Reflexiones de Francisco en 3er. semana de septiembre de 2015(*)


“De mi parte, quisiera trasmitirles un mensaje muy sencillo, pero pienso que es importante y necesario. Jesús los quiere muchísimo, Jesús los quiere en serio. Él los lleva siempre en el corazón; Él sabe mejor que nadie lo que cada uno necesita, lo que anhela, cuál es su deseo más profundo, cómo es nuestro corazón; y Él no nos abandona nunca y cuando no nos portamos como Él espera, siempre se queda al lado dispuesto a acogernos, a confortarnos, a darnos una nueva esperanza, una nueva oportunidad, una nueva vida. Él nunca se va, Él está siempre ahí. Sé que se están preparando para esta visita con una oración. Se lo agradezco infinitamente. Necesitamos rezar. Necesitamos la oración. Ese contacto con Jesús y con María. “Sagrado Corazón de Jesús, haz mi corazón semejante al tuyo”. Es lindo tener un corazón como el de Jesús para saber amar como Él, perdonar, dar esperanza, acompañar”. 18/9/2015. Video mensaje al pueblo de Cuba. RV.
“Hoy en día, a diferencia del pasado, las atrocidades y las violaciones inauditas de los derechos humanos que caracterizan estos conflictos, son difundidas en directo por los medios de comunicación. Por lo tanto, están ante los ojos del mundo entero. Nadie puede pretender que no lo sabe. Todos son conscientes de que esta guerra pesa cada vez más de forma insoportable sobre los hombros de los pobres. Tenemos que encontrar una solución, que nunca es la violencia, porque la violencia sólo genera nuevas heridas. En este océano de dolor, pienso sobre todo en las familias, en los ancianos, en los enfermos, en los niños. Los niños y los jóvenes, esperanza para el futuro, están privados de los derechos fundamentales: crecer en la serenidad de la familia, ser atendidos y asistidos, jugar, estudiar. Millones de niños, con la continuación del conflicto, se ven privados del derecho a la educación y, en consecuencia, ven que el horizonte de su futuro se ofusca. ¡Que no falte vuestro compromiso en este ámbito vital!''. 17/9/2015.  Encuentro sobre la crisis humanitaria en Siria e Irak. VIS.
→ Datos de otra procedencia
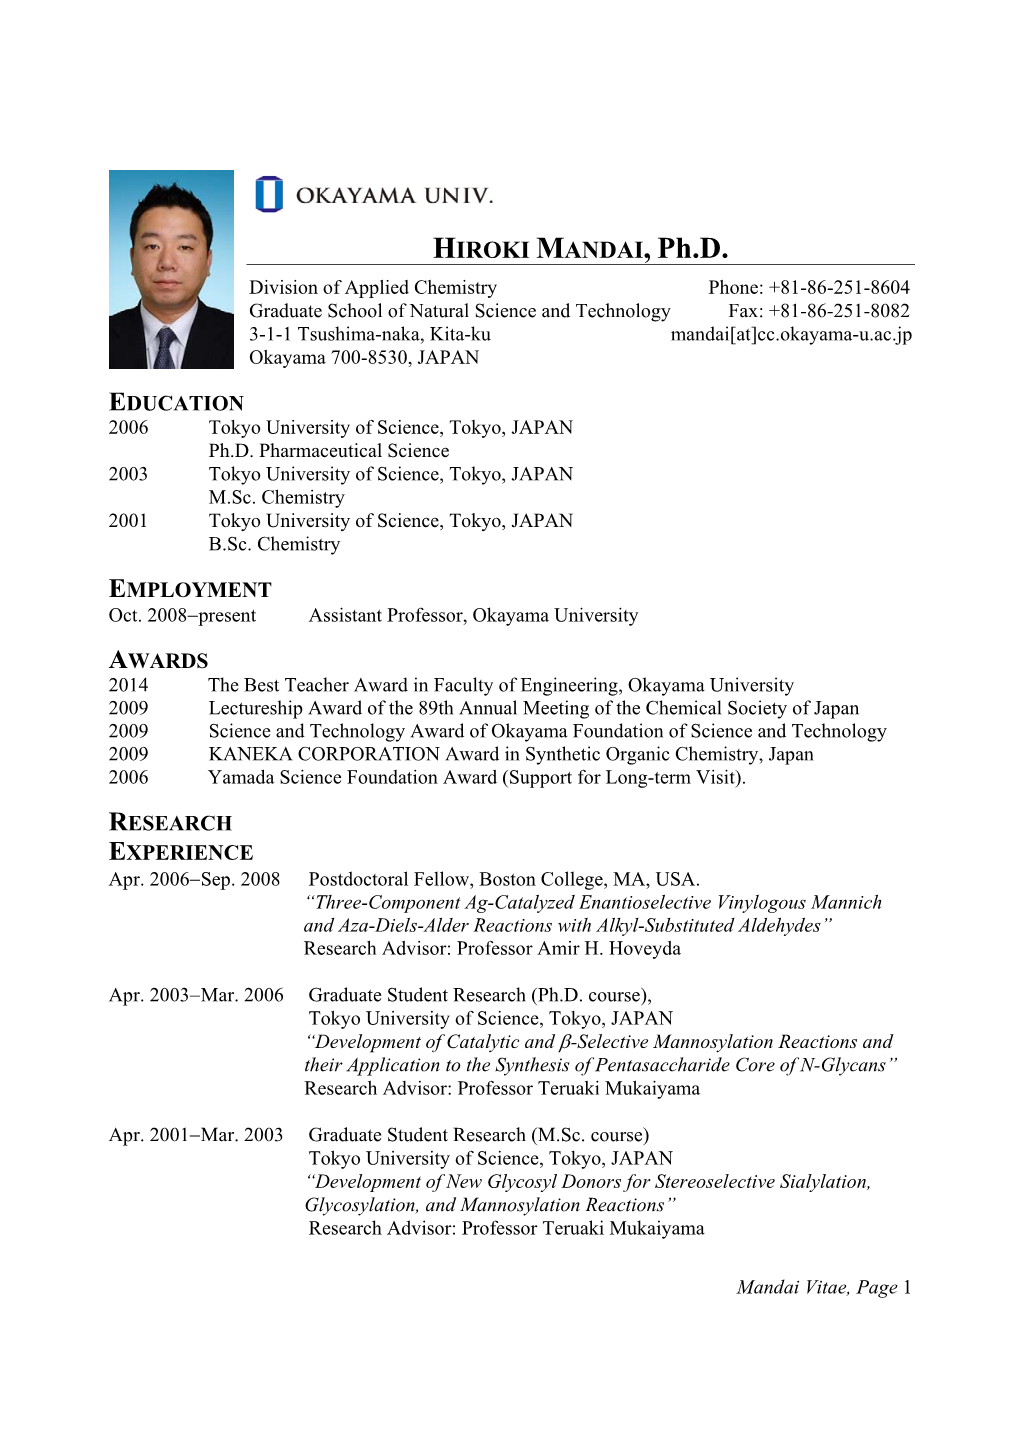 HIROKI MANDAI, Ph.D

“Los momentos de inestabilidad, son las tentaciones y las habrá siempre. Santa Teresa del Niño Jesús, decía que hay que rezar por los moribundos porque es cuando la inestabilidad es mayor y las tentaciones más fuertes. Culturalmente vivimos en un momento muy inestable, vivimos la cultura de lo provisional. Y esta cultura ha entrado también en la Iglesia, en las comunidades religiosas, en las familias, en el matrimonio. En cambio: ¡La cultura de lo definitivo! Dios envió a su Hijo para siempre. No de forma provisional, a una generación o a un país. A todos y para siempre. Este es un criterio de discernimiento espiritual. Asumir compromisos definitivos para no disgregarse''. 17/9/2015.  Encuentro Mundial de Jóvenes Consagrados. VIS.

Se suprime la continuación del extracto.